The Sandinistas had been training and fighting for many years, but
the decisive victory came when some of the land owners threw their
support on the side of the revolution. In retrospect, it seems that
the land owners were fighting for democracy - a representative form of
government in which they could participate. The Sandinistas, although
committed to democracy, were much more focused on the material
well-being of the people. The Sandinistas did gain control, and they
confiscated Somoza's property.
Along with his family, Somoza owned 20% of the arable land, 25% of
the industry, one of the nation's four banks and the only airline. The
Sandinista government expropriated, from the large land owners, only
the land which was not being used, and none of their capital
(buildings and machinery, etc.) or personal property.
The new government nationalized international trade. In effect it
taxed imports and exports until the potential profit was greatly
reduced and under strict control. The Sandinistas taxed income and
real estate; they inflated the money supply and controlled the price
of staples: rice, beans, com and cooking oil. In general, the
accustomed rates of profit became a thing of the past.

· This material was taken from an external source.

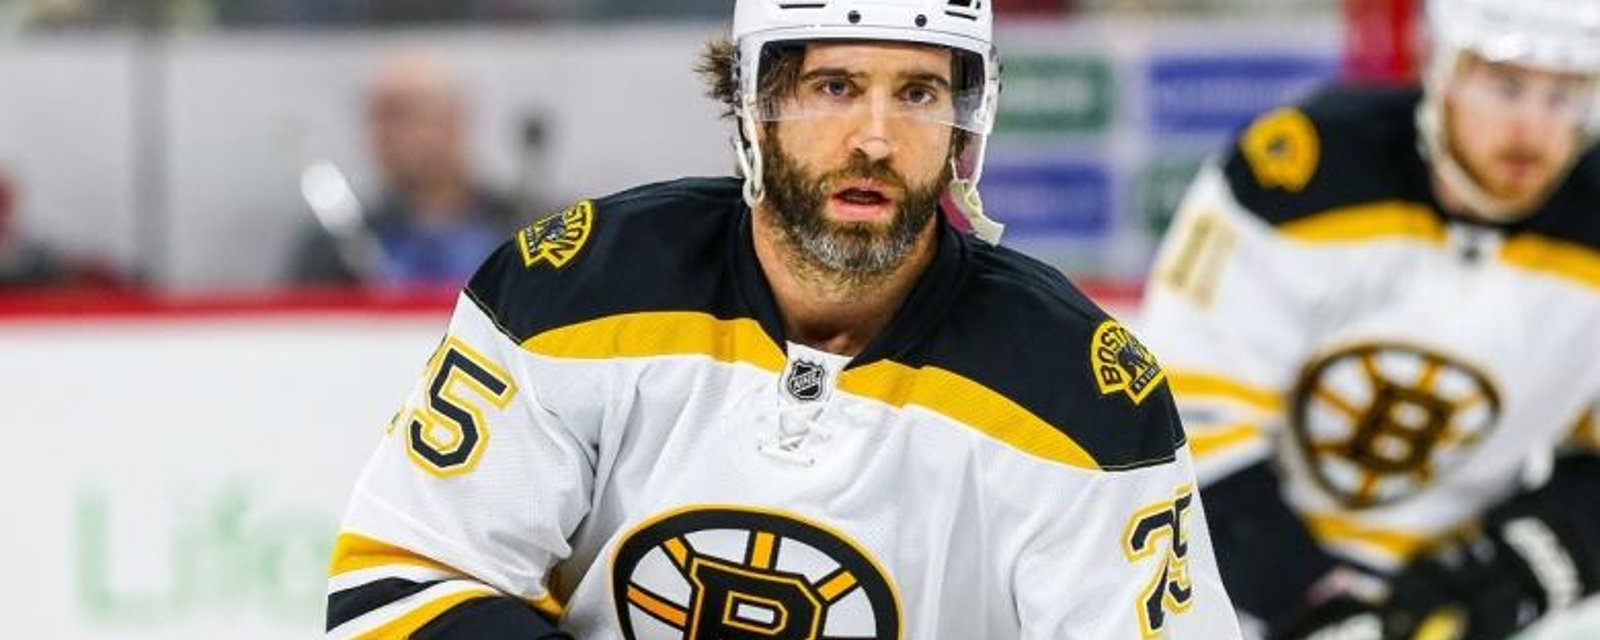 Max Talbot signs new contract officially done with the Bruins.

The Sandinistas passed a law that anyone who did not re-establish
residence every six months would lose his holdings. Three and a half
million acres of land were parcelled out 40.000 families were given
homesteads; 10,000 families were given land as members of
cooperatives, and 45,000 formerly unemployed workers were given jobs
and a living wage on what became state farms.
The Sandinistas established welfare; they built schools and hospitals
and immunized large segments of the population. They held elections,
believed by some to be among the fairest in Latin America, and signed
a new constitution.
In the first five years, the consumption of basic food (rice, beans,
etc.) increased by 30 to 40%; that means the quantity of food eaten,
not the quality or value. The incidence of malaria, typhoid, polio and
tuberculosis were greatly reduced. The infant mortality rate fell and
housing increased. Over half the population was taught to read and
write on a third grade level. Then things changed. The Contras
multiplied their attacks. In addition to their human victims, the
Contras disrupted farming, mined the roads and destroyed public
utilities. Anxiety rose and the economy was greatly impaired. Now
there are enormous shortages and a black market that frustrates and
demoralizes the Nicaraguan.
There has been a black market because the, value of commodities
-particularly staple commodities - is greater than the legal price.
However, the Contra-created shortages have multiplied the effects and
brought about this deplorable condition. It is now said that the
Contras have offset almost all of the extraordinary gains of the
revolution.
Today, seven years after Somoza's defeat, 60% of the economy over 80%
of the arable land is still in the private sector. Everything that the
Sandinista government now takes in taxes or price controls, the land
owners had previously taken in profits. That is to say, what is now
taken for revenue or lower prices was previously gained by the private
ownership of land. Before the revolution, wages for the vast majority
of workers bought nothing but a bare subsistence. For the first five
years after the revolution -- before the U.S. vastly increased its aid
to the Contras - the general level of wages rose. Those workers who
put forth special skills or knowledge were and are paid more than the
average wage. This is allocated by the laws of supply and demand; over
half the economy is still in the private sector.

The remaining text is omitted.